Albara mulai mengerti kalau orang yang ada di sini adalah sebangsa jin yang merawat Kuil Batu Diri, tempat orang orang yang bermeditasi memohon sesuatu yang diharapkan. Karena dia bukan bermaksud untuk meminta sesuatu Albara tidak bisa menjawab. Albara berpikir tentang sesuatu yang akan dia minta, saat itu terlintas dalam pikirinnya untuk meminta cincin pintak pinto.

"Anak muda kamu punya waktu sangat terbatas hanya tiga hari semenjak memasuki gerbang kota ini dihitung waktu di dunia manusia, disini waktu itu sangat singkat, resikonya jika waktu tersebut terlewatkan kau akan tinggal di sini untuk selama lamanya" lanjut Kha Cang to Jin.

Mendengar ucapan Kha Cang to Jin, Albara segera mengajukan sebuah permintaan. Sebagaimana yang terbersit di pikirannya.

"Bolehkah saya meminta cincin pintak pinto?" tanya Albara.

Kha cang to jin diam sejenak lalu menjawab.

"Cincin pintak pinto adalah milik Raja Sulaiman, saya akan membawa anda pada teman baik saya di Koto Tapus, insyaallah dia bisa membantu anda bertemu Raja Sulaiman dan jika berjodoh kau bisa memiliki cincin pintak pinto" ucap Kha Cang to Jin.

Saat itu Cin Ceng si Jin masuk membawa minuman dan cemilan seperti buah pisang. Cin Ceng si Jin menghidangkan minuman dan cemilan tersebut di depan Albara.

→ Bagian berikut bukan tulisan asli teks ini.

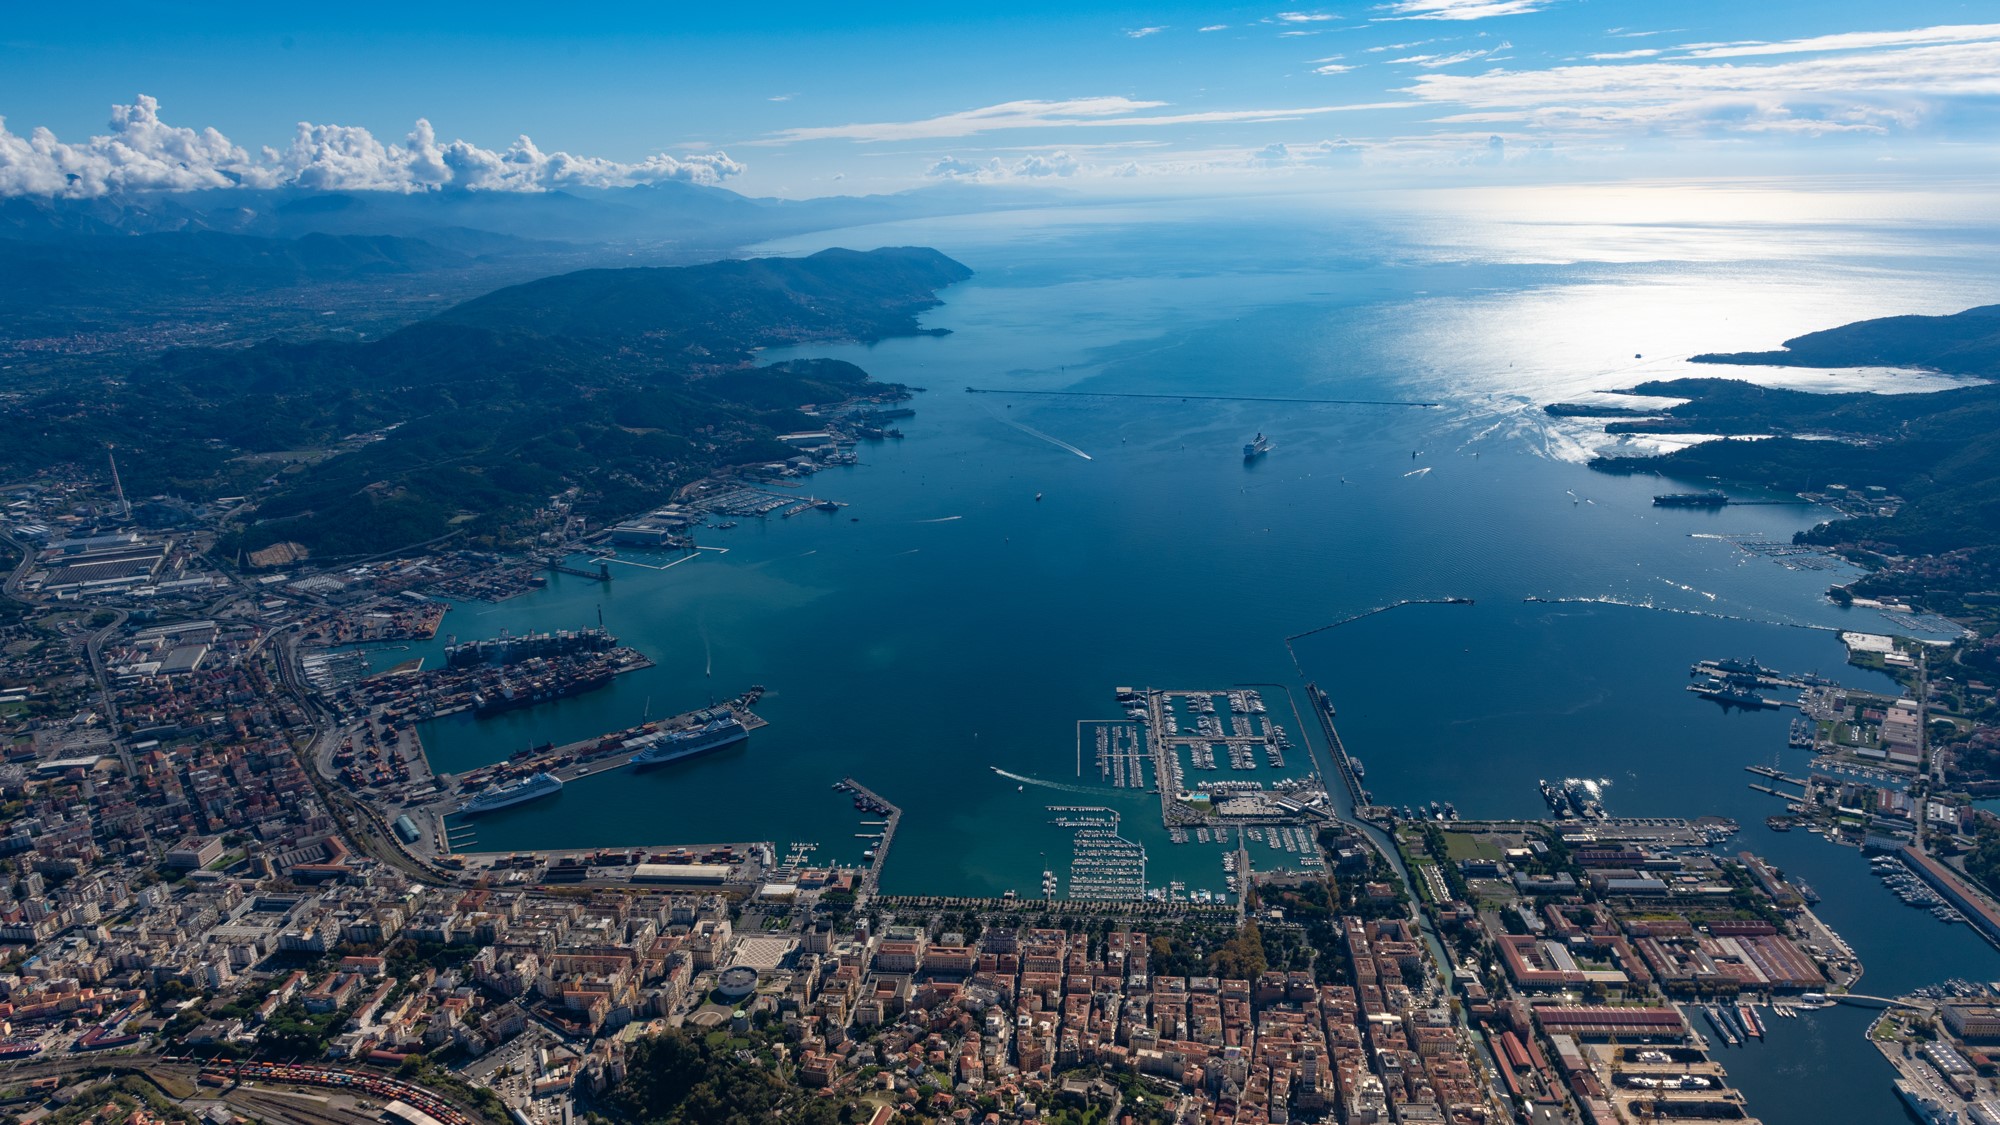 Picture of the port of La Spezia

Adat mereka memulyakan tamu tidak beda jauh dengan adat penduduk Kota Tapus, hingga membuat Albara tidak merasa asing bahkan seperti merasa di kotanya sendiri.

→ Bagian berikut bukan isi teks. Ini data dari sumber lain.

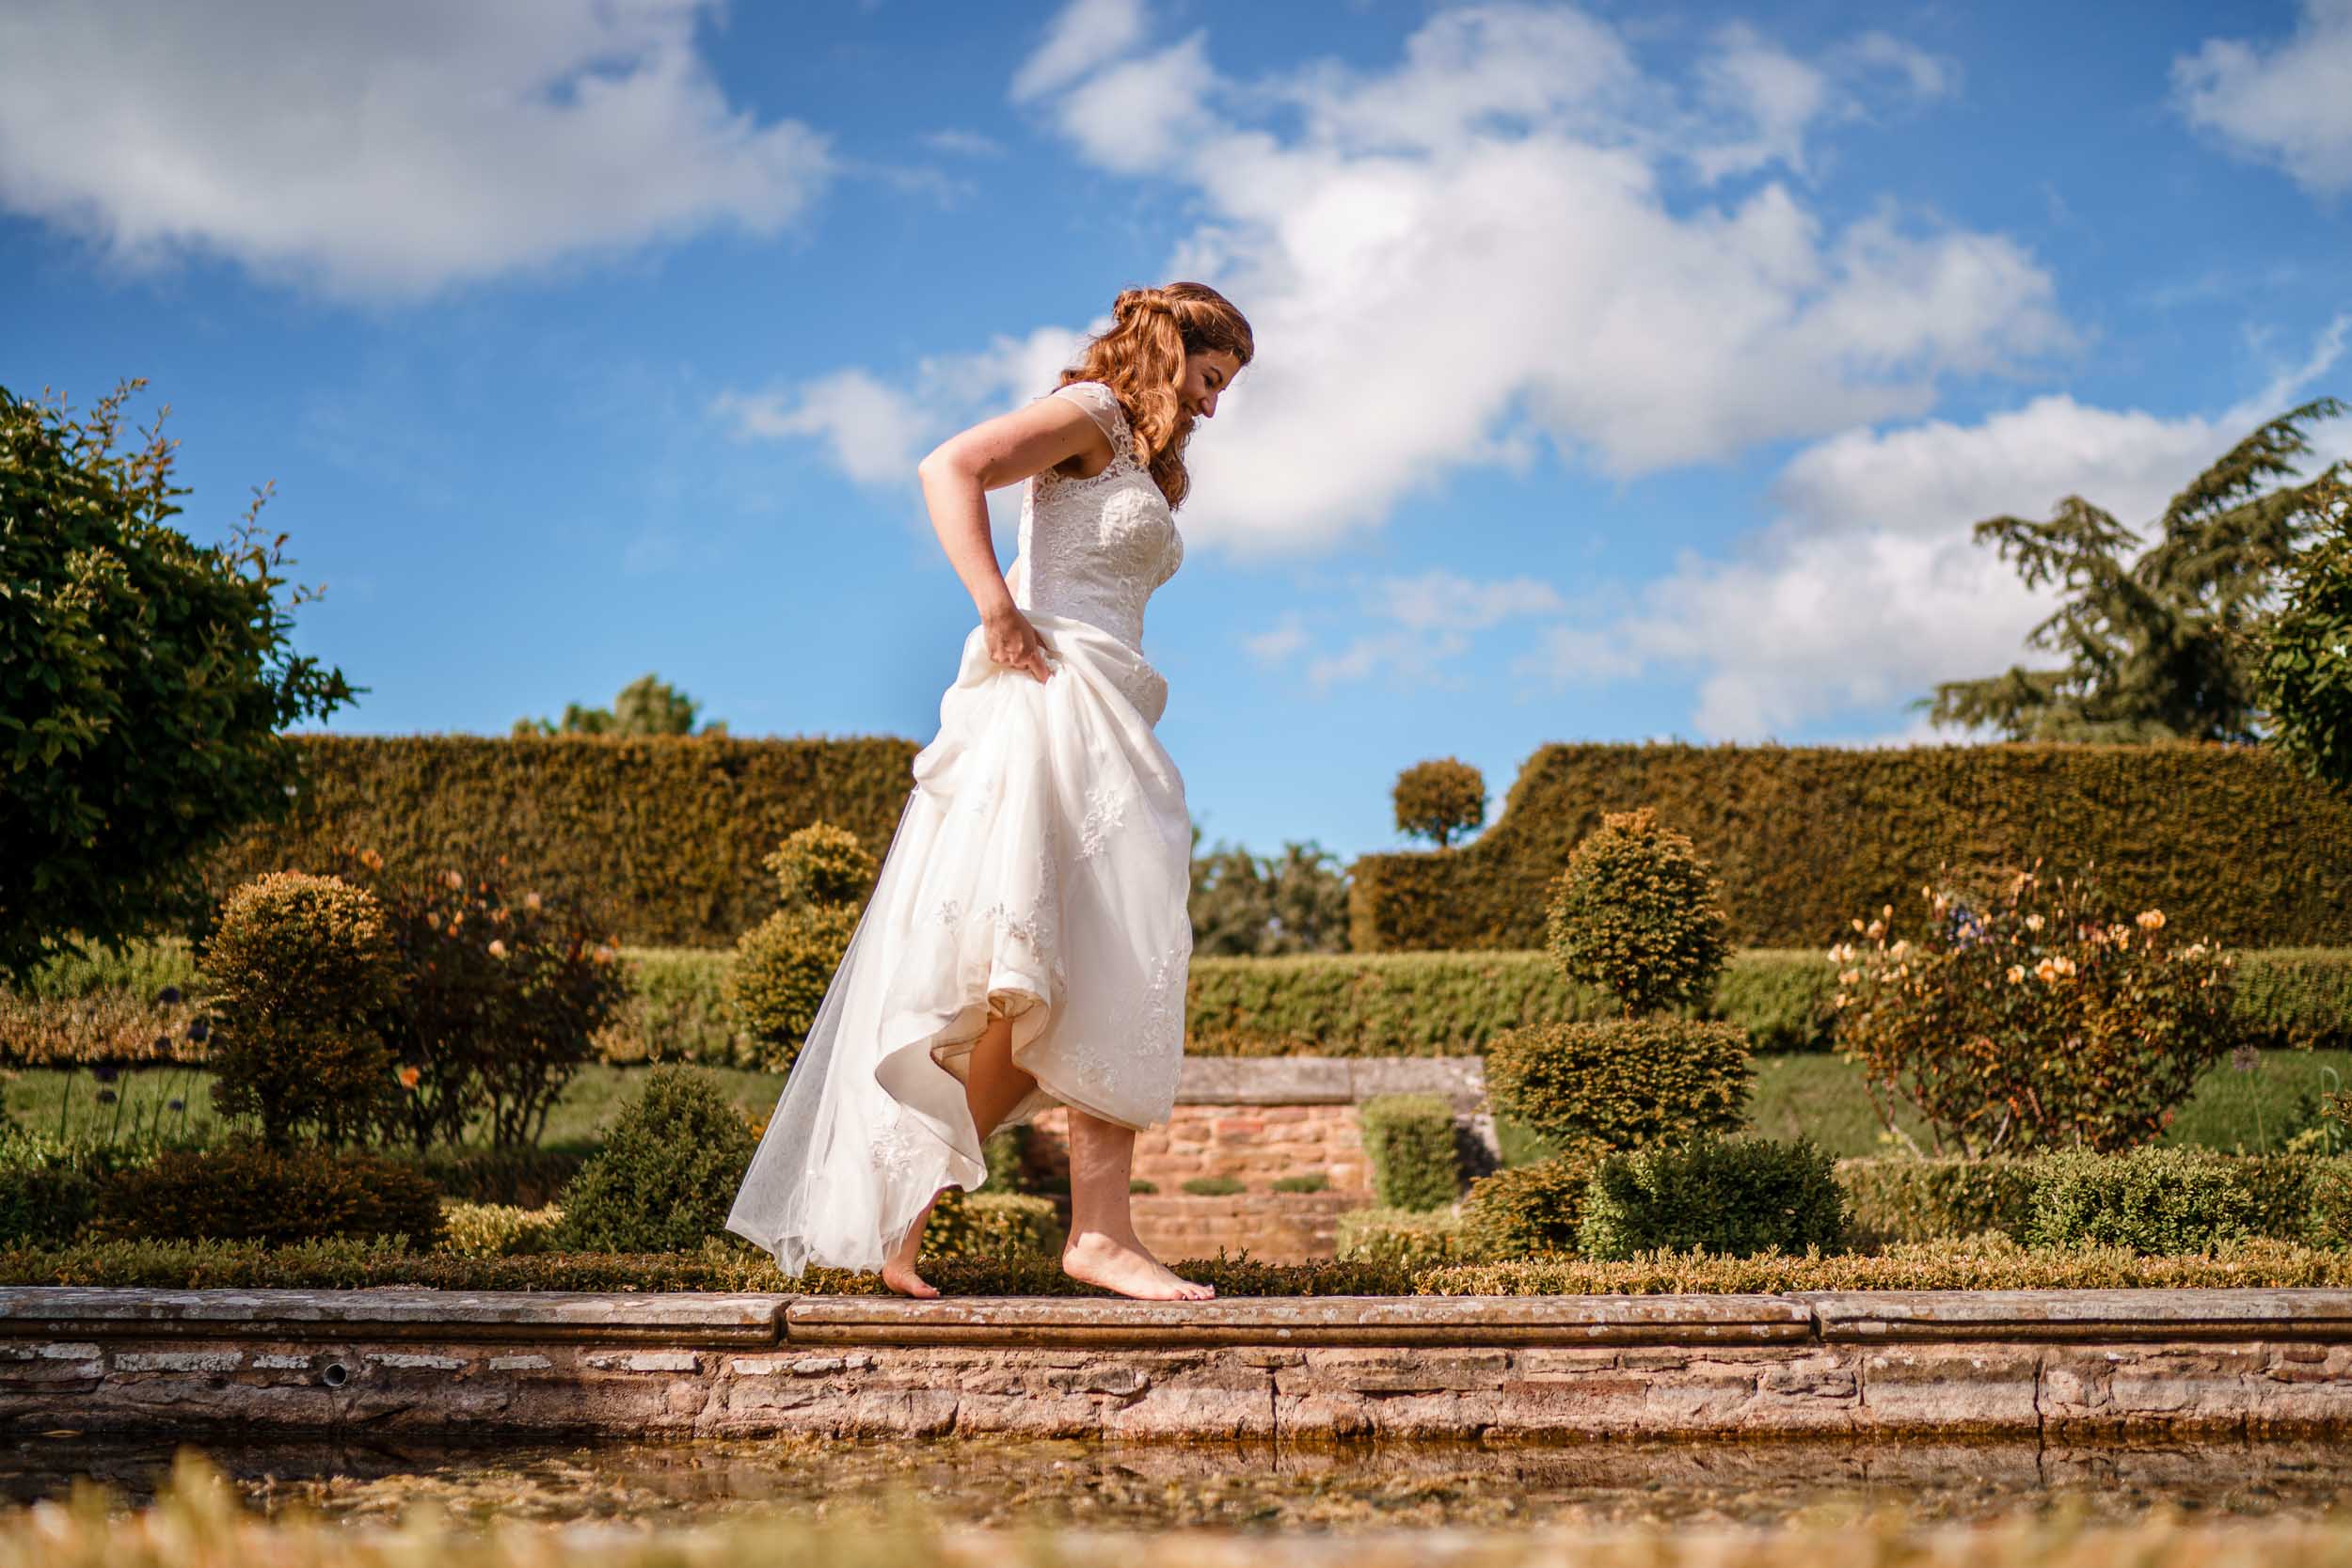 Pauntley Court Wedding Photography - Gloucestershire wedding photographer

"saudara Albara ayo dicicipi minuman dan cemilan kami, pisang aja ni yang ada" Cin Ceng si Jin berbasa basi.

Kha Cang To Jin juga tidak ketinggalan ikut pula berbasa basi mempersilahkan Albara mencicipi hidangan mereka.

"Ayo anak muda diminum tehnya, cemilannya di makan, pisang ada, duku ada, duren ada, rambutan ada, apel ada dan salak juga ada" kata Kha Cang to Jin.

Albara seperti tersihir terpaku di tempat duduknya bagaimana tidak, seketika itu juga di depan Albara sudah tersedia semua yang di sebutkan Kha Cang to Jin.

Setelah minum dan mencicipi hidangan dari Cin Ceng si Jin. Kha Cang to Jin berdiri, dengan gerakan kilat Kha Cang to Jin melesat ke arah Albara. Sedetik kemudian Kha Cang to Jin telah mengenggam pergelangan tangan Albara kemudian membawa Albara dengan gerakan seperti terbang, hanya sekedipan mata mereka sudah berdiri di sebuah gerbang kota kuno.

Di gerbang kota tertulis "selamat datang di Koto Tapus". wah itu nama Kota Tapus tempo dulu pikir Albara.

"Anak muda saat saya kembali menjemput mu, kau harus kembali tak perduli kau berhasil atau gagal" Kha Cang To Jin mengingatkan Albara.

Albara mengangguk setuju, kemudian Mereka memasuki Koto Tapus, Albara melihat bangunan di kota itu terlihat sangat kuno, perumahan tersusun rapi umumnya berupa rumah panggung sederhana terbuat dari kayu.

Mereka menuju ke suatu bangunan sebuah rumah sederhana terbuat dari kayu tiangnya kayu bulat tapi semua di ukir seperti ukiran jepara, tiap tiang di topang dengan sendi pondasi dari batu batu pipih. Insting Albara seperti mengenali lokasi rumah yang mereka kunjungi, tak salah lagi rasanya ini lokasi rumah kakeknya saat ini pikir Albara.

Kaget Albara tak terbayangkan saat melihat orang yang mereka temui sangat mirip kakeknya, yang membedakan nya dengan kakek Sultan Murod, adalah kostum yang dipakai kakek di depannya bergaya jesatria dalam film silat, berambut panjang dengan sal mengikat kepalanya, jangut putih hingga ke dada, sebuah pedang tersandang di punggungnya khas juwara silat dalam film yang di tonton Albara.

"wahai saudara Kha Cang To Jin apa gerangan kau mengunjungiku?" tanya orang tua pemilik rumah.

"Ki Hanib saya titip pemuda ini, dia adalah tamu saya dan dia punya urusan yang mungkin bisa saudara bantu?" kata Kha Cang To Jin.

orang tua sahabat Kha Cang To Jin yang bernama Hanib, yang di panggil ki Hanib pun mengangguk.

"baiklah saya akan urus keperluannya" kata ki Hanib.

"saya lagi terburu buru mohon izin undur diri" Kha Cang To Jin membungkuk memberi hormat kemudian menghilang dari pandangan.

Ki Hanib merupakan orang yang sangat di hormati di Koto Tapus, dulunya merupakan jendral utama kerajaan Saba. ki Hanib juga sangat di Andalkan Ratu Balqis penguasa kerajaan Saba.